Friday, December 26

The fizzy and the still

Leaving Birmingham for good was harder than I expected. The city did not offer much apart from the University, visits to Walmart and the Indian food store. Life in the apartment with my roommates was not extraordinary. And yet, I had a hard time fighting back tears as I made my way to the airport.

2008 was a year of travel for me. I was in India in January, the U.S in February, Cambodia in May, India in October and the U.S in December. I've sat waiting for flights at a mind-numbing list of airports in that time; Bombay, Zurich, Hong Kong, Phnom Penh, Washington, Los Angeles, Chicago, Phoenix, Houston, Cincinnati, Raleigh, New York and Birmingham. Simply reading back on what I've typed just now makes me tired thinking about all that flying and transit time. It's not glamorous in the least, let me assure you.

Stating the obvious here, I like routine. It takes time and a lot of emotional investment to settle somewhere, make friends, get some sort of purpose and order to existence... have some reason to get up in the morning, let's say.
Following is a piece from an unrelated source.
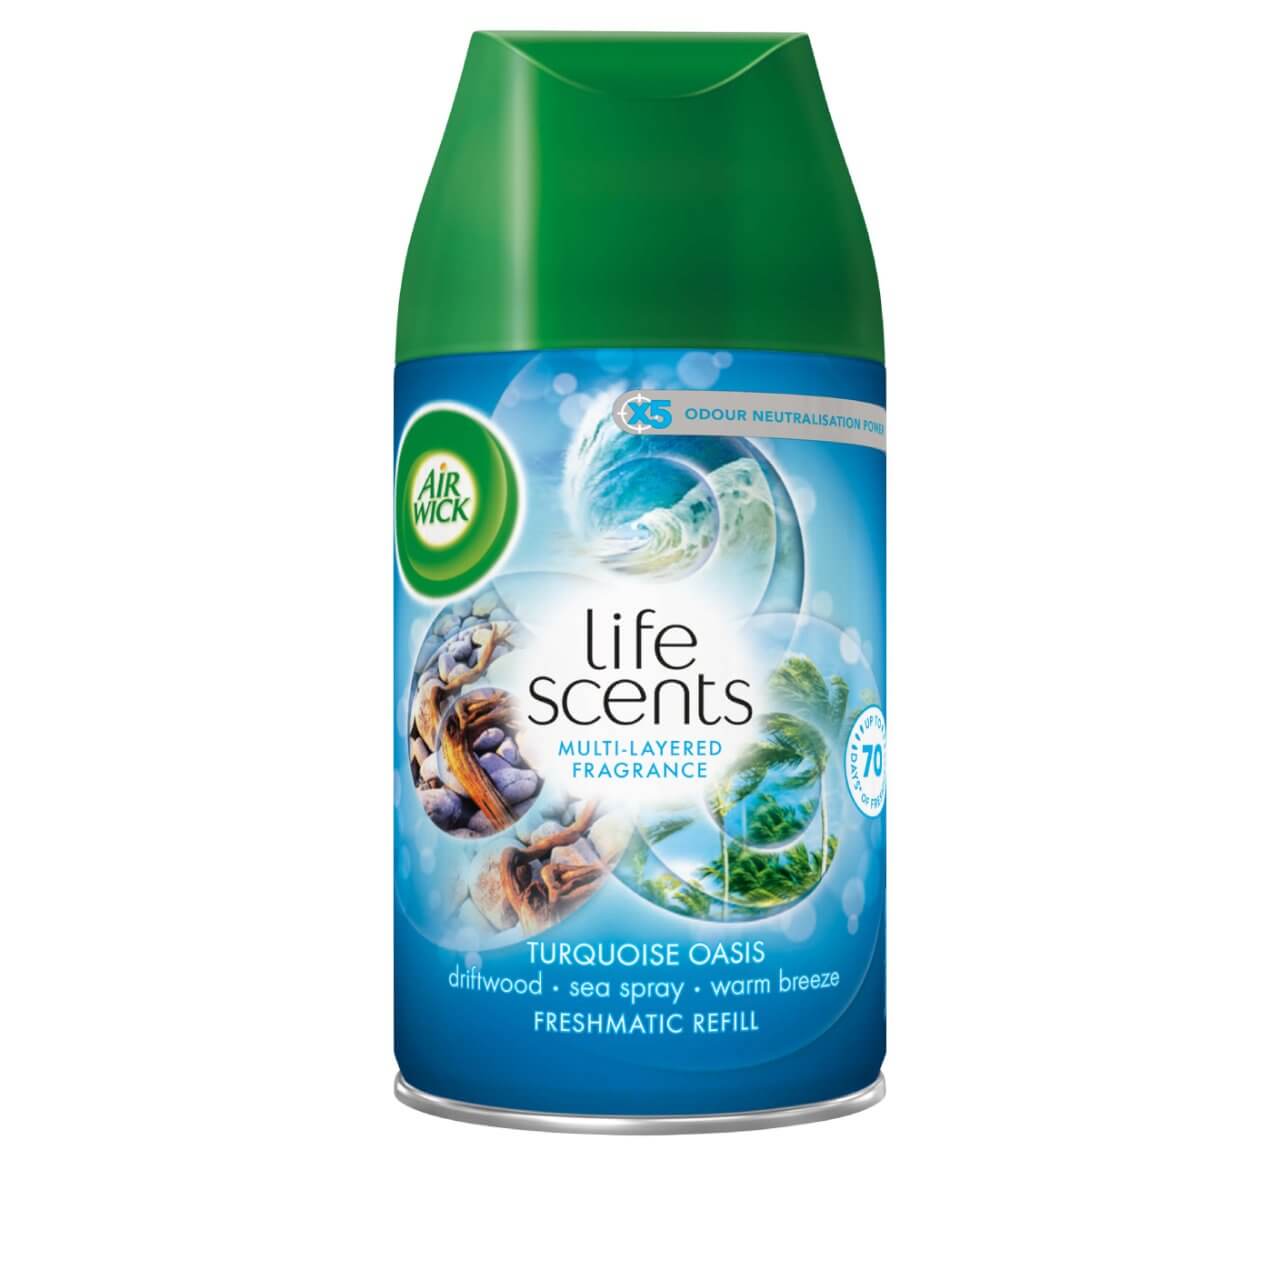 Air Wick Freshmatic Refill Life Scents Turquoise Oasis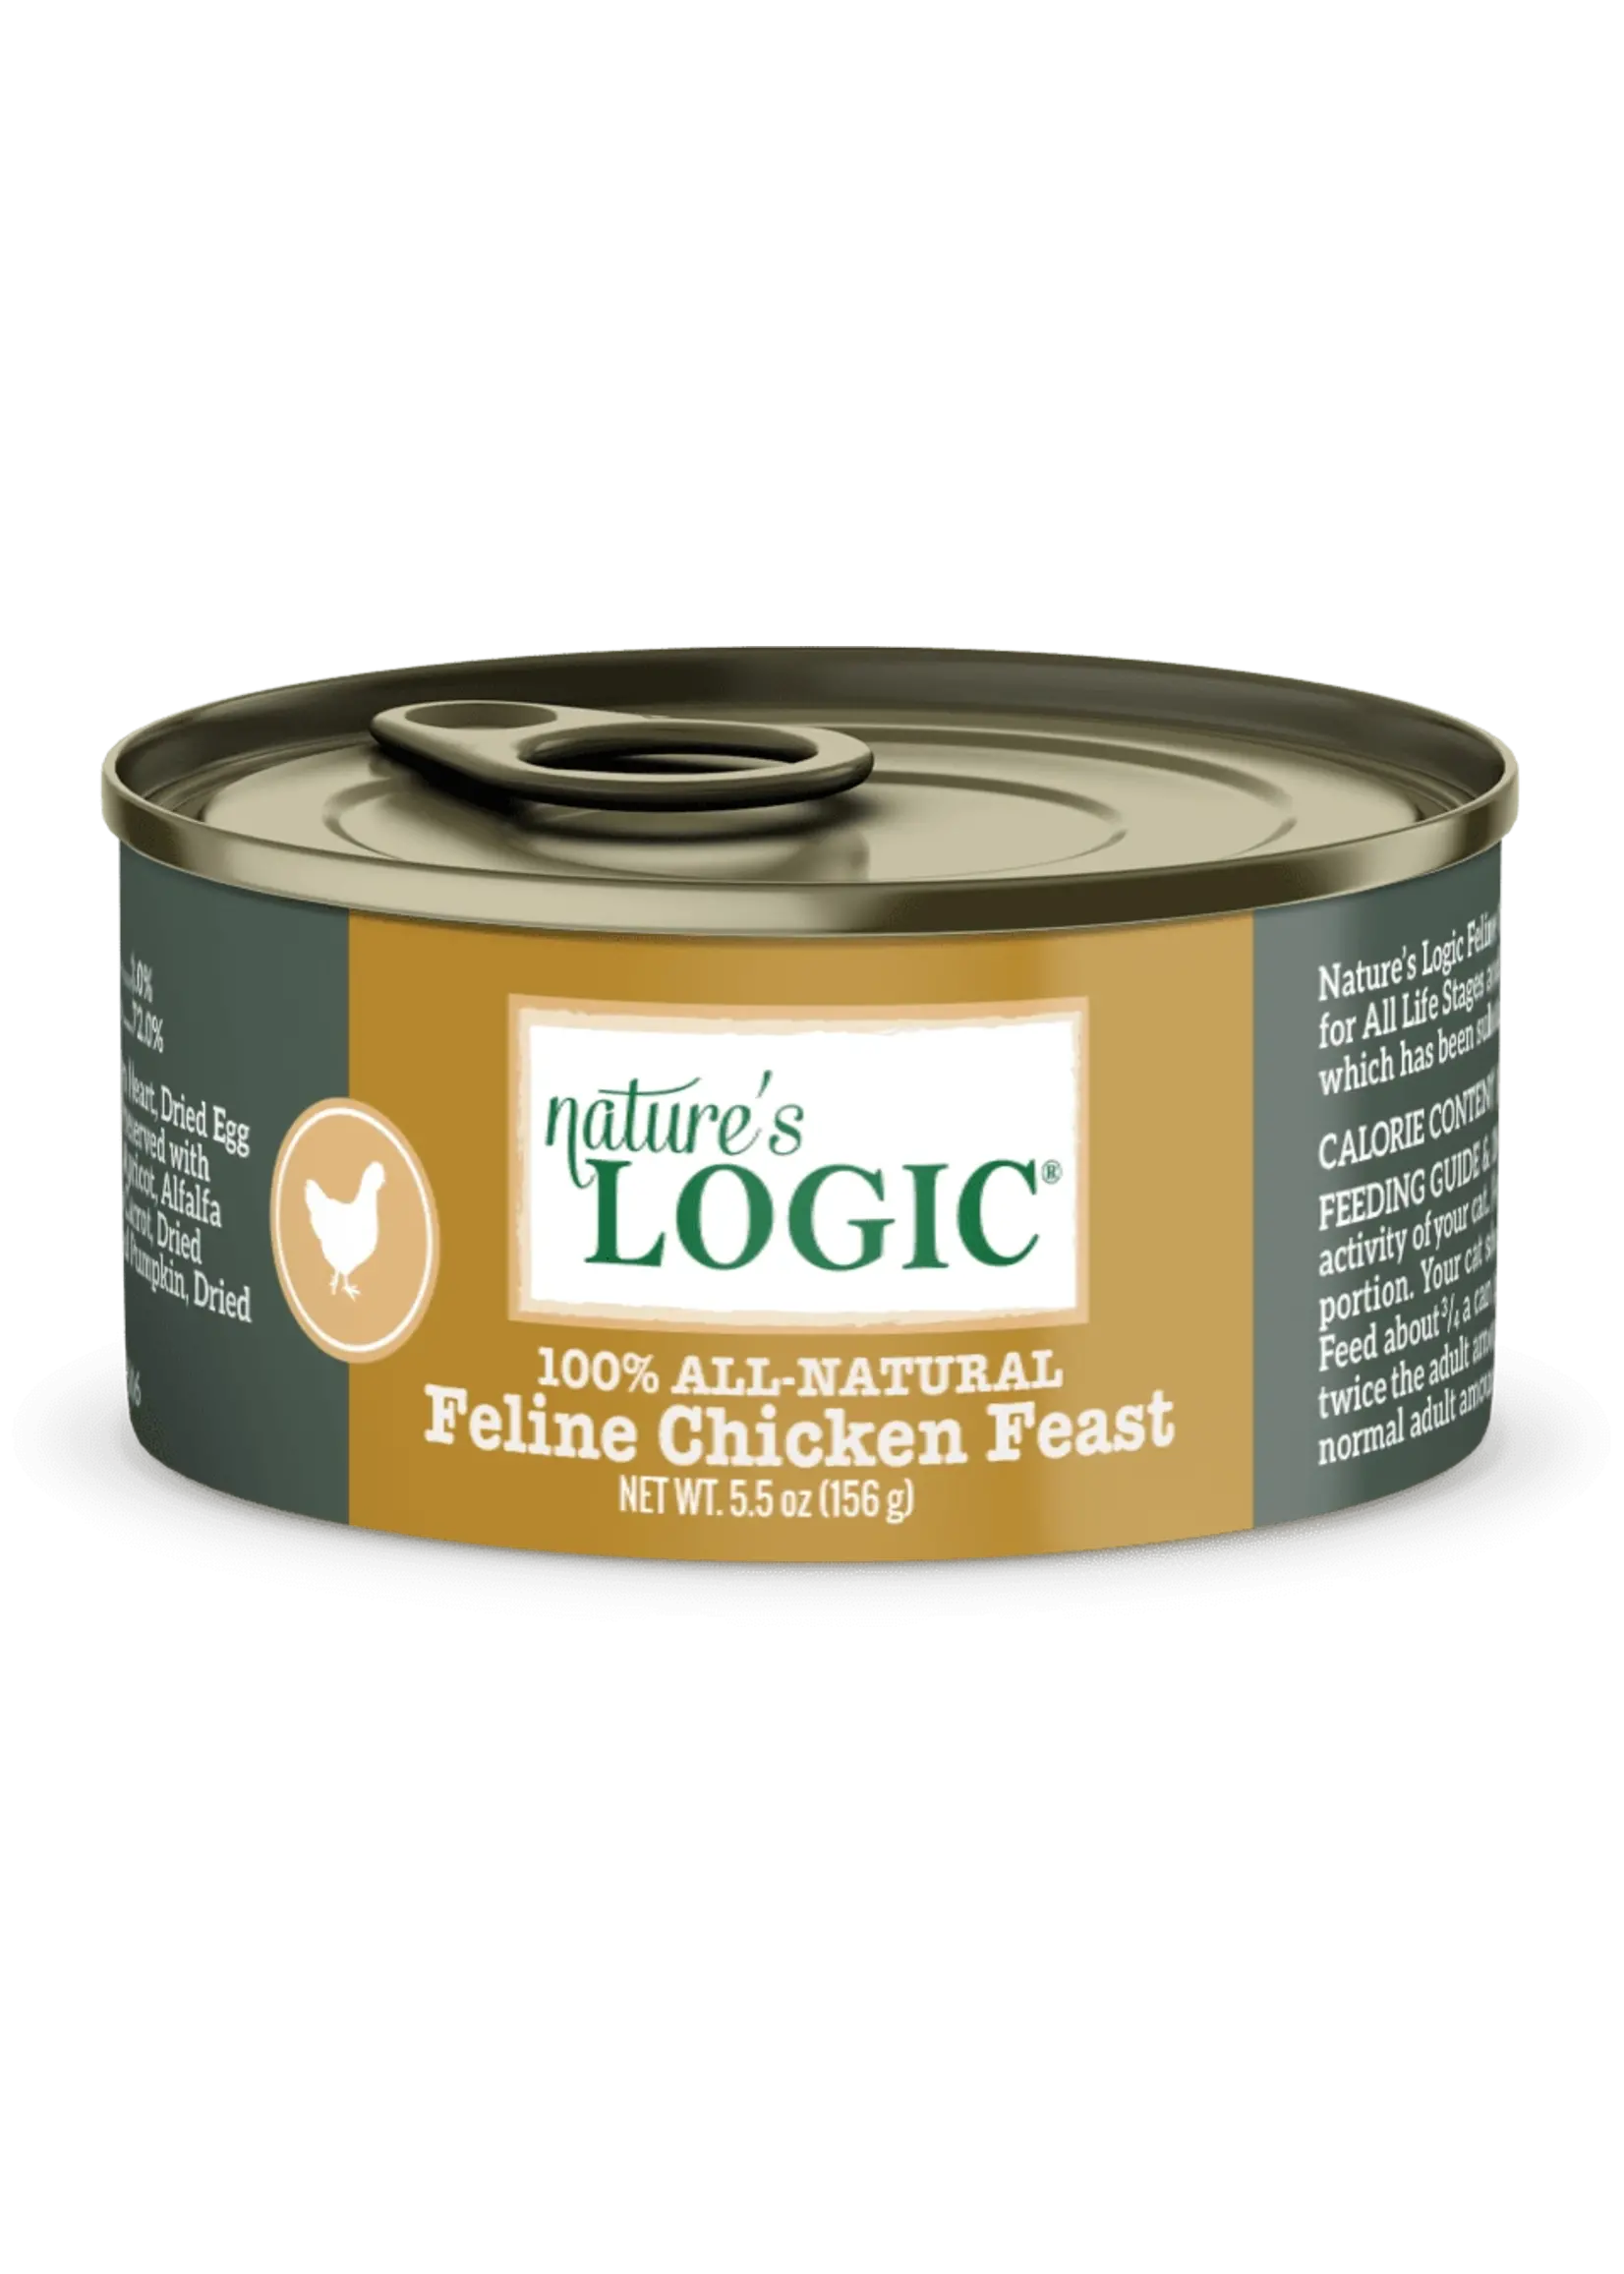 Nature's Logic Nature's Logic 5.5oz Canned Cat Food, Chicken

And of course, having said this, I have no answer to why I've moved around so much. While each place I've stayed in brought it's share of stress, it took me the length of that ride from my house to the airport yesterday to realize that this is the palette of life - annoying people that I cannot help but like, infuriating experiences that have taught me to take things as they come, solitary times bringing insights that were just waiting for me to think and listen.

In many respects, the guy who arrived in Birmingham at 6:30pm on 19th August 2006 is not the same person who left the city at 9:05 am on 24th December 2008. It is no small measure of comfort to admit that he left Birmingham, a better person. To admit that it was coming to Birmingham, living, fighting and laughing with people, that is the catalyst for change.

I'm not quite sure what is in store for me now. I have stepped out of one room, one life and opened the door to another, no longer at the threshold.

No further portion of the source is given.